Nope. All it did was make me that much more likely to unintenionally hurt someone else, while simultaneously helping reduce real, actual people into society-wide pejoratives. If anyone's being coddled and unaware, it's the people still using these slurs or pining for the time when they were free to use them: all it takes is one gay friend who doesn't want to be called a faggot to make you see how hurtful and unnecessary it is. And it really shouldn't take much empathy to extend that nugget of wisdom to retard, whore, and the rest of that rogues' gallery.
And hey: if you have no gay friends, if you don't know any parents with a disabled kid, then who's really in that cotton-ball cocoon?
Kids these days
I have my own private beliefs, of course.

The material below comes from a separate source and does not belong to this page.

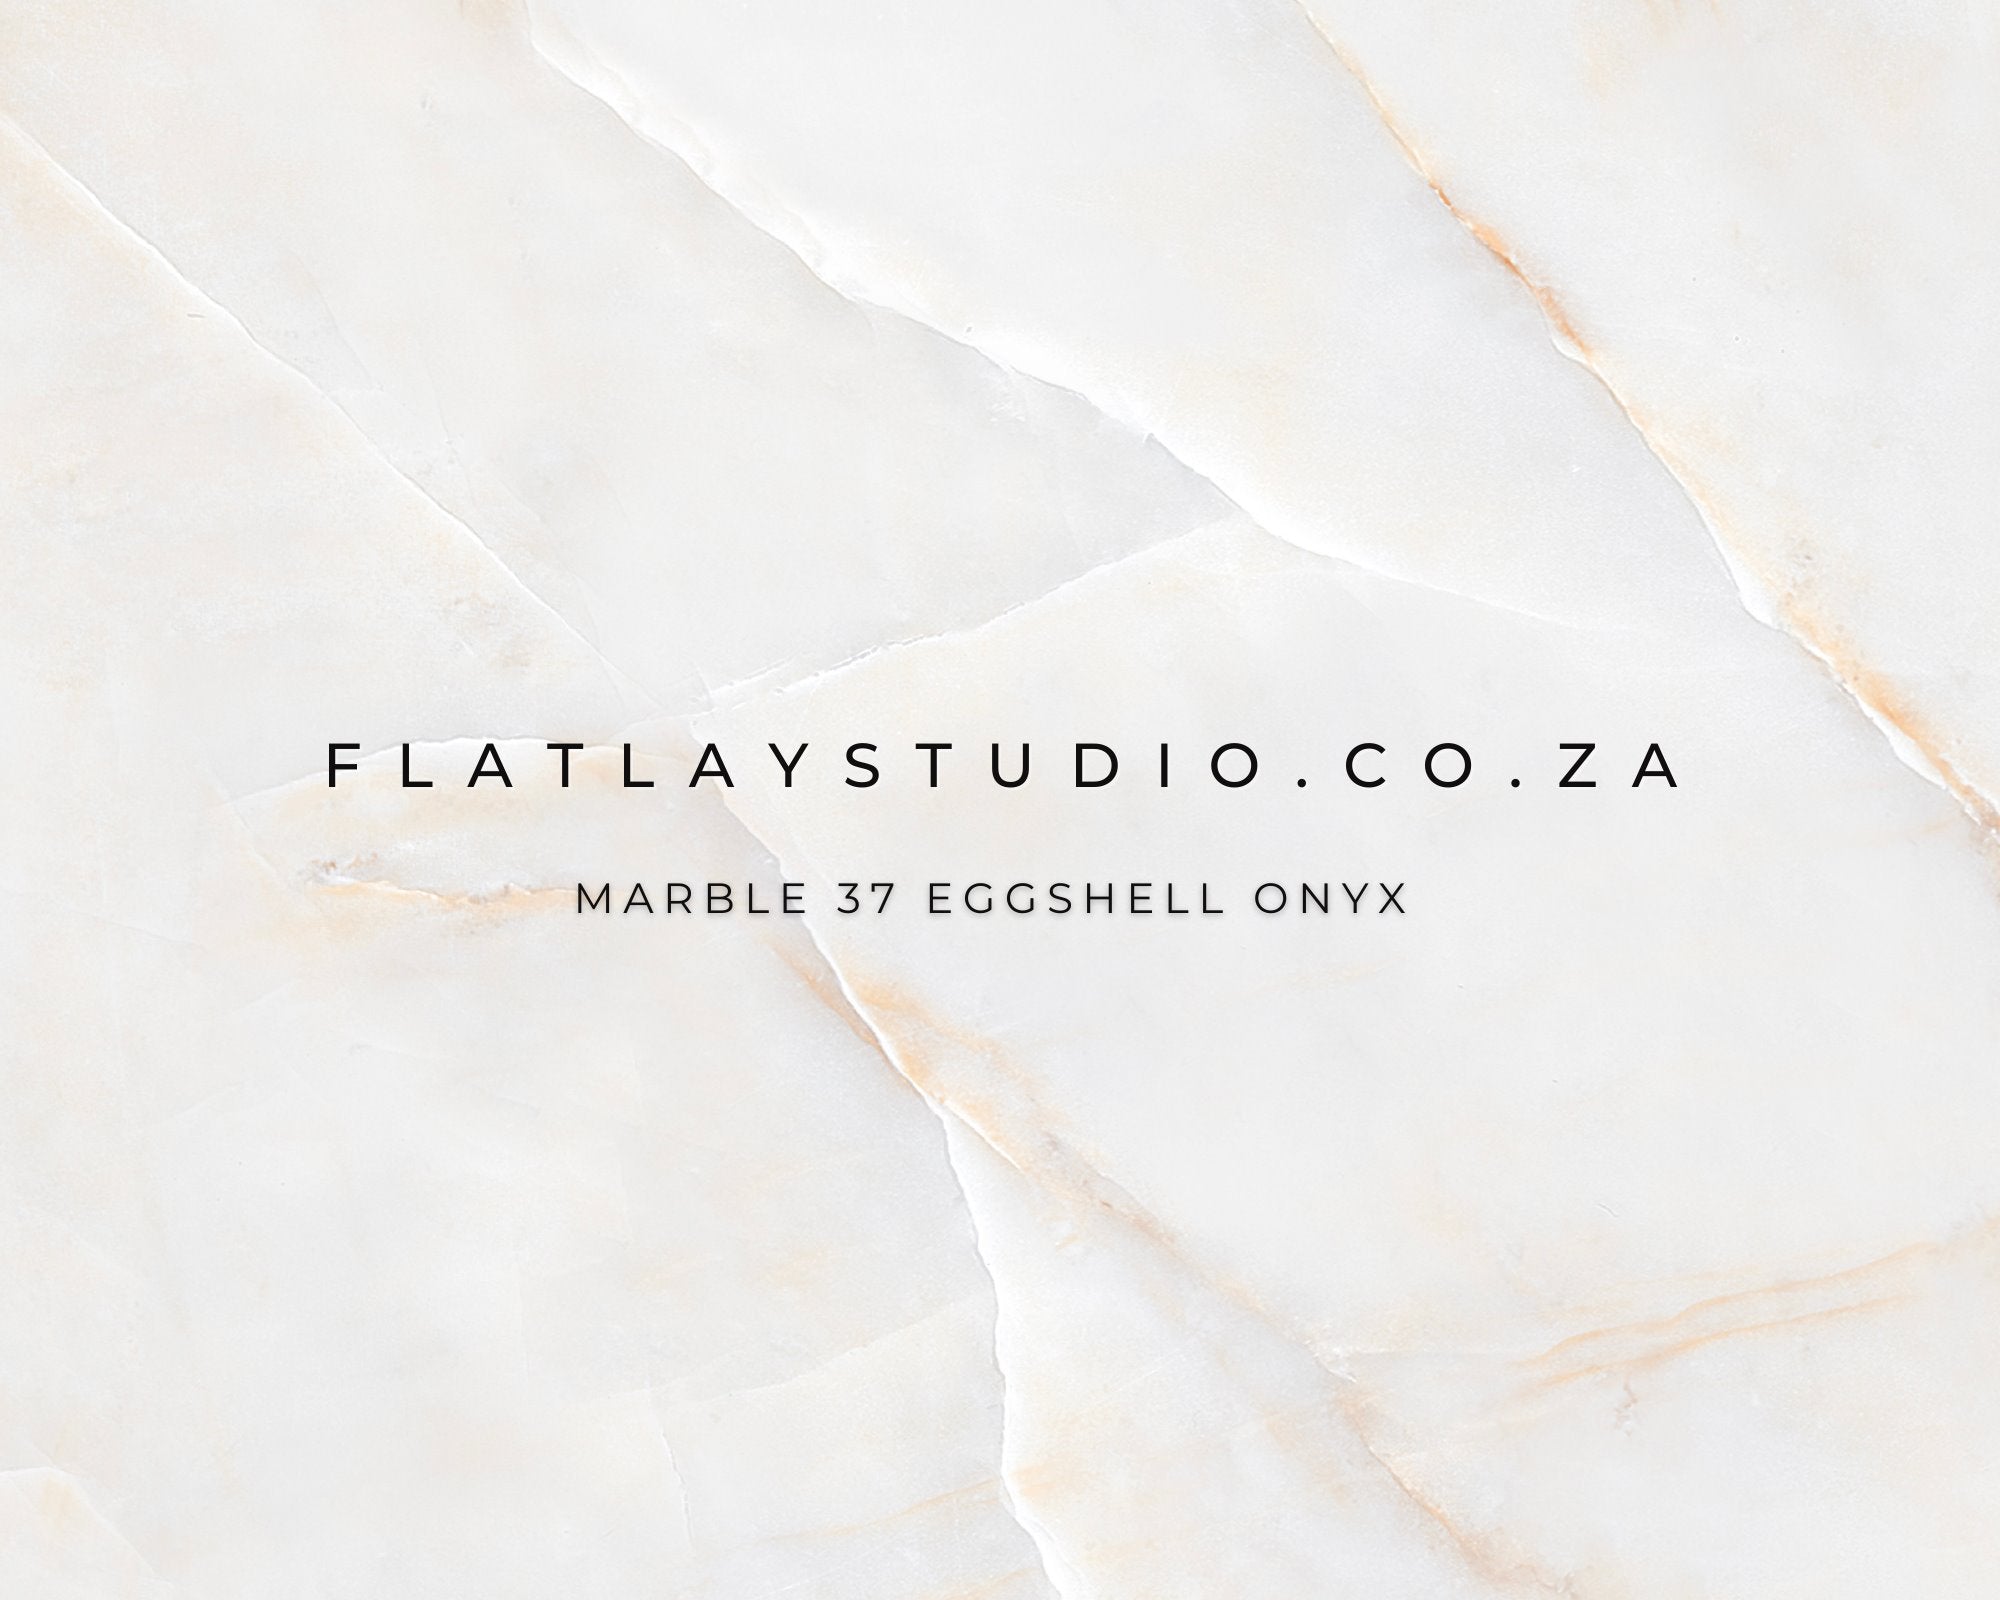 Marble 37 Eggshell Onyx - FlatlayStudio Flatlay Styling Board

I actually agree that schools—at least here in Sweden—are often unnecessarily upgrading simple playground scuffles to call-the-parents type situations, and that's probably not helping anyone. I don't think it's possible to get children to stop using bad words, either: you can perhaps get to "won't swear in your direct vicinity" if you're strict enough, but that'll just skew punishment towards the kids who are bad at hiding their emotions. You have to be nuanced in your approach, and it's a hard balance to get right.
However.
The vast majority of people, children or otherwise, just aren't these easily-triggered snowflakes who run and hide at the first sight of adversity. You have to actually hunt for that type of behavior in order to find it: it's something you have to want to see in order for the effect to show up. Gay people are being beaten up and murdered every day with nobody reporting on it, while every single instance of someone walking up to a professor and being "triggered" has been quickly snatched up and reported to absolute death by the ever-present modern outrage industry because the story is just too good to pass up. If you've fallen for that... well, again, I have to ask: who has the soft and overprotected mind here? Who's too quick to take offense?
Please don't be a dick. Don't be cruel, don't be unnecessarily mean, don't take pride in the fact that you can "take it and dish it out." It helps no one, it makes nobody stronger, it just makes everybody a little worse for wear.